A keyboardist and cellist augment Panic!’s sound on the tour. (Both are elevated above the band on the circus set.) The cello is electric and uses a DI. Harris takes two Dis out of a laptop running Reason for the keyboardist, using plenty of compression to squash the wilder frequencies of some of Reason’s electronic sounds. Adding to the creepy carnival atmosphere, the keyboardist plays a Glockenspiel, which Harris mikes with a stereo pair of ATM450s.

There’s also a DI’d electric banjo and a second keyboard that Urie uses while playing a Queen song. The band gutted an old piano, replacing its innards with a Yamaha P Series weighted keyboard. For a drum-cadence sequence, in which the band and some of the dancers line up and play marching basses, snare drums and trash cans, Harris had marching drums specially outfitted with Beta 98s on the snares and Beta 91s mounted inside the two bass drums.

For the vocals, an AE5400 serves as the stage-right microphone, and Urie sings into an AEW-5255 wireless. Harris uses an Avalon 737 compressor on the vocals — “the EQ on it is great,” he notes — and minimal effects: voice doubler on a Yamaha SPX990 and a TC Electronic 2290 digital delay. “I use effects just to warm things up and get [Urie] over everything else,” Harris explains. “I’m not trying to hide some screamer behind the guitar.” On the rest of the mix, he uses Drawmer gates, BSS DPP-102 compressors and a dbx 160XT comp.

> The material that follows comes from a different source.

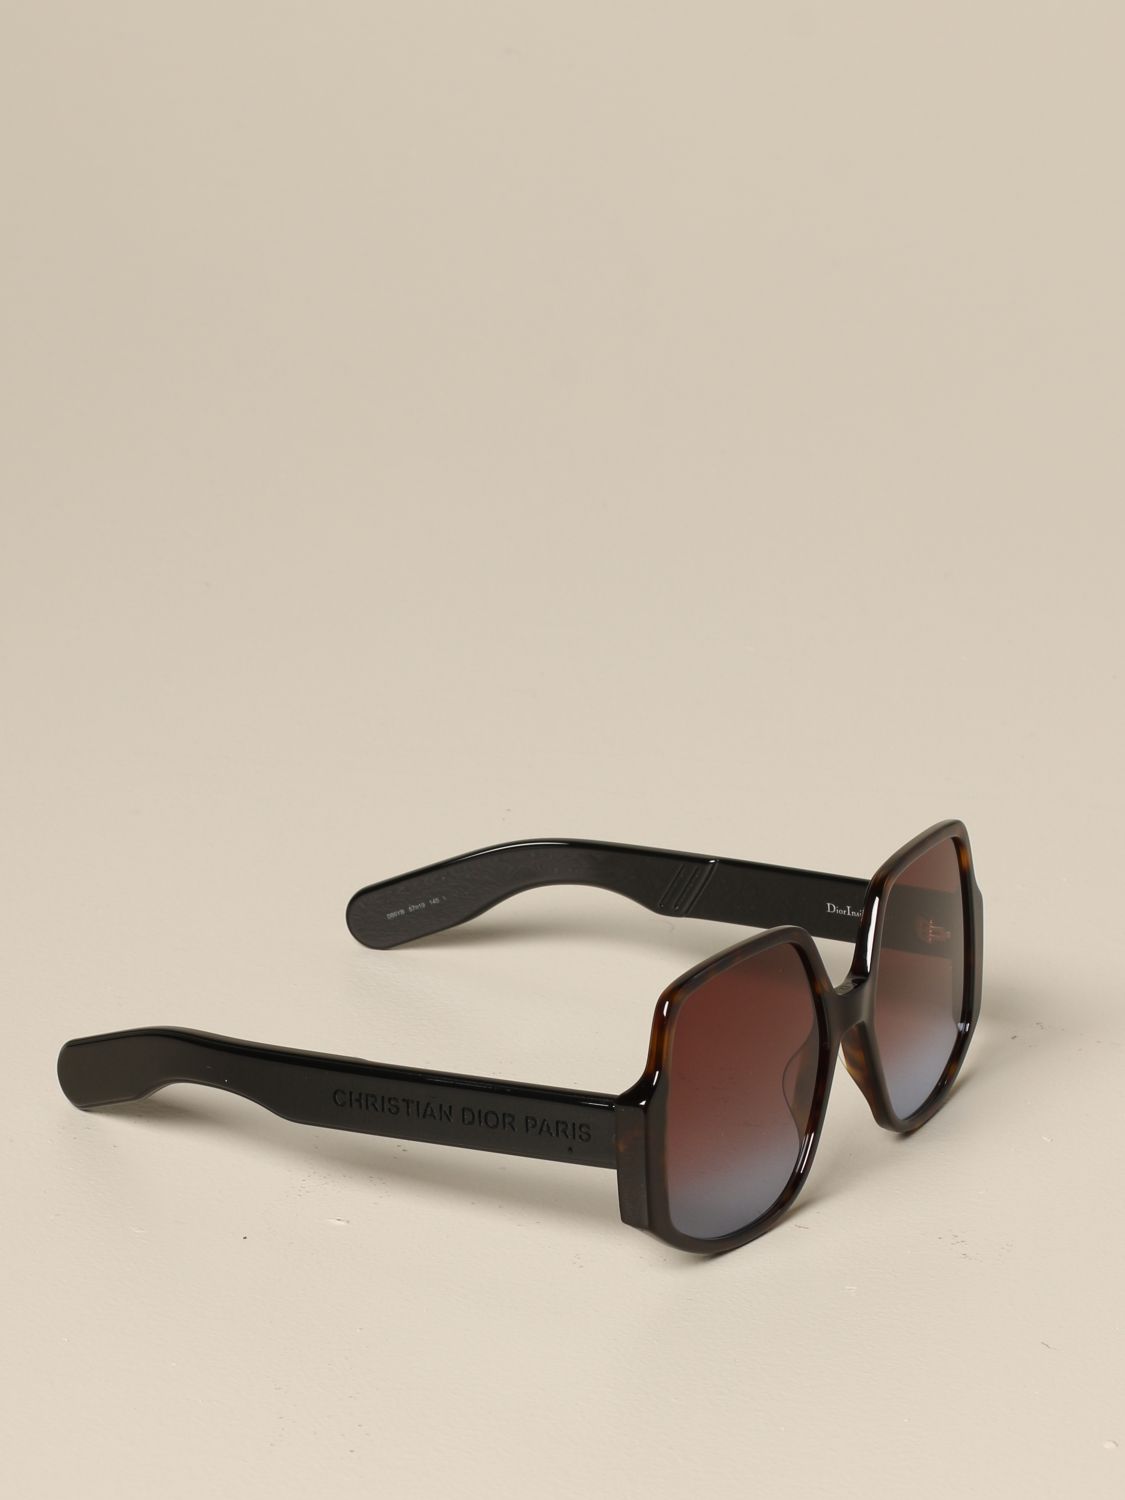 Sunglasses  Christian Dior  Gafas  Gafas de sol  Dior  Luxury Brand  Outlet
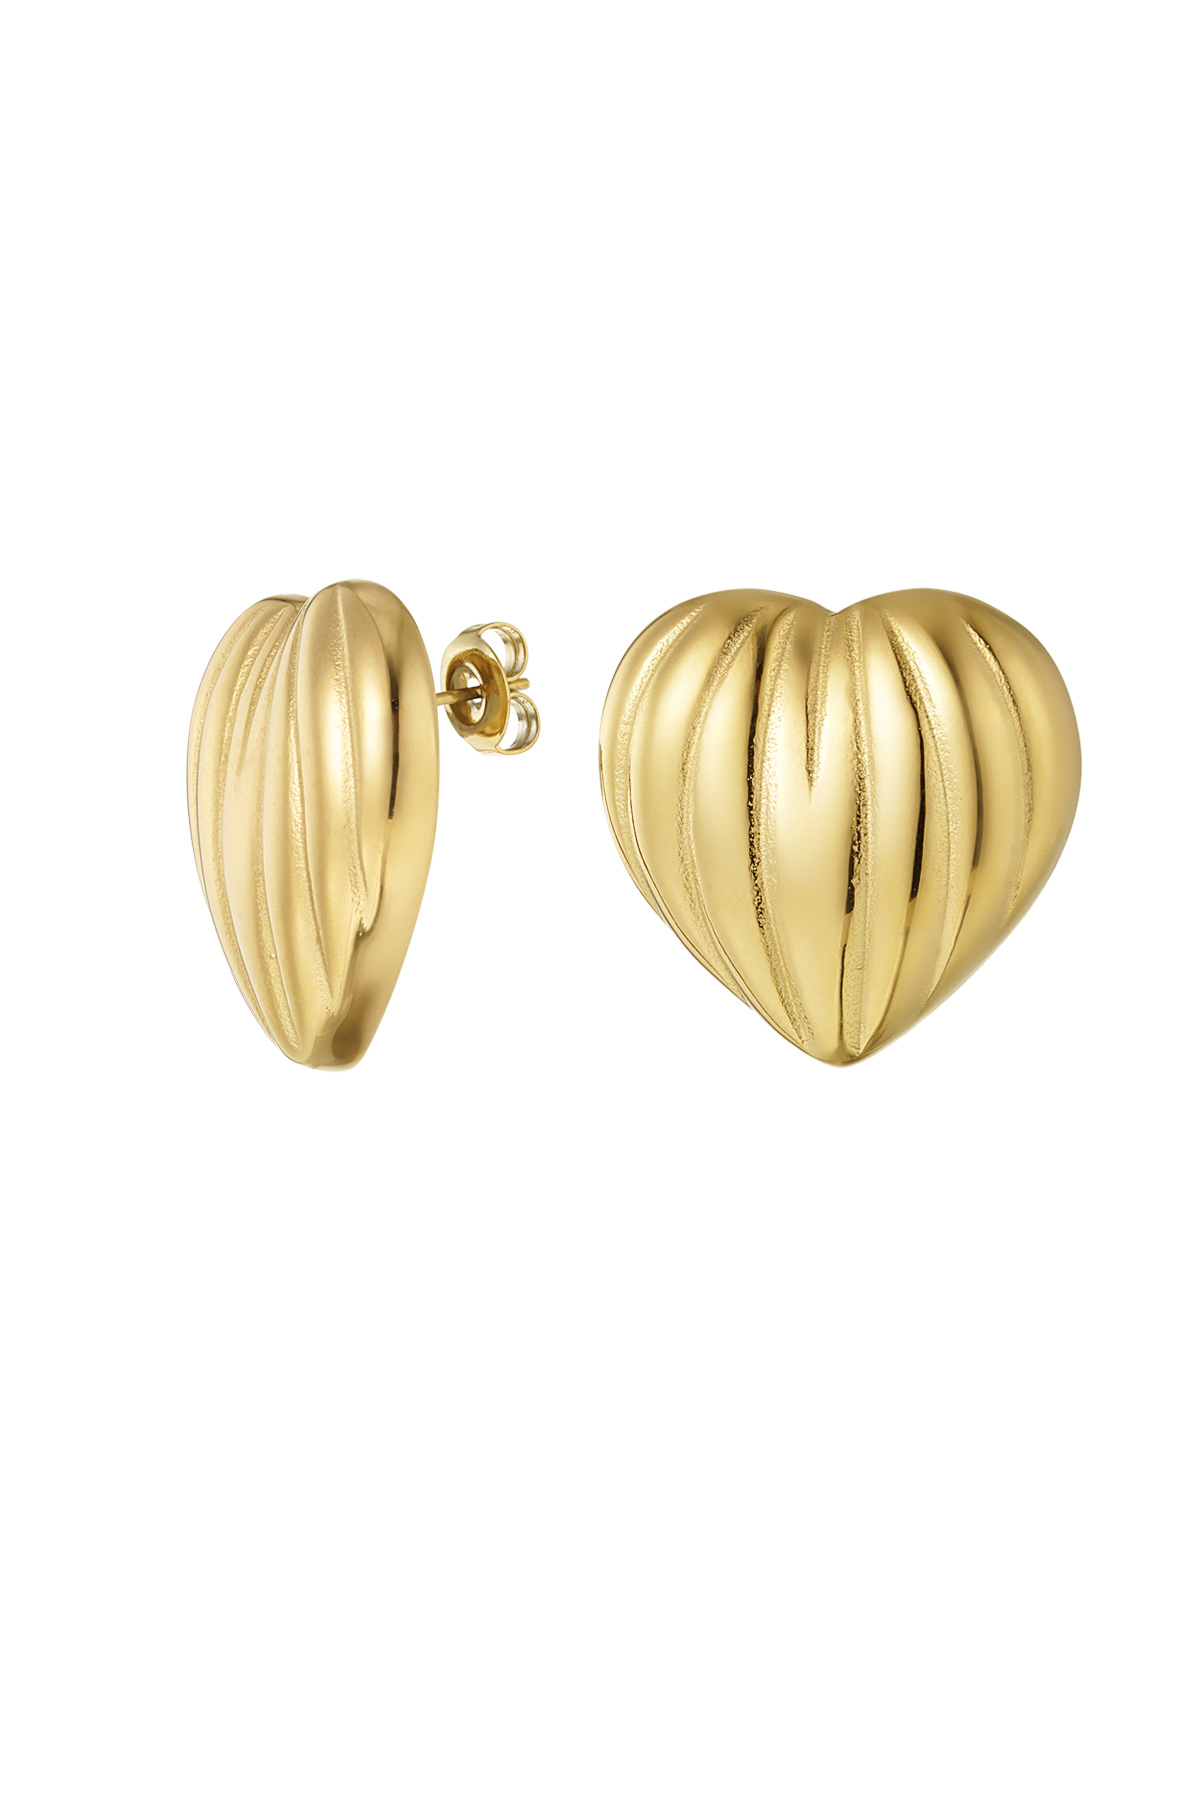 Earrings enormous heart - gold

For the first time, Harris is working with a Clair Bros. i4 line array system, which is maintained by system engineer/crew chief Andrew Berlin and sound techs Don Baker and Mike Gamble. The system uses QSC, Crown and Carver amplification, and Lake iO processing. The main hang speakers are 26 boxes per side, with 10 boxes of side hangs on each side for arenas, and six Prism sub-basses on the floor.

Presiding over the monitors is Larry “Filet” Mignogna, a veteran of Alicia Keys’ and Paul Simon’s tours, who is manning a DiGiCo D5, the model he used on Keys’ 12-person band. “It does sound great; a lot more warmth to it,” he says of the board.

Mignogna has the band on Ultimate Ears UE7 IEMs with Sennheiser G2 beltpacks. He also uses 12 AM Clair wedges for Ross, and Clair R4s and ML18 subs as sidefills, “mostly for low end and for the dancers,” he adds.

From New York, the tour moves on to dates at pavilions and arenas on the West Coast and Mexico. For Harris, figuring out how to negotiate the tour’s larger venues is exactly what he loves to do. “Whether being in small clubs or bigger theaters or arenas, I learn something new all the time,” he says. “I feel like if you stop learning, something’s wrong.”

Gaby Alter is a New York City-based writer.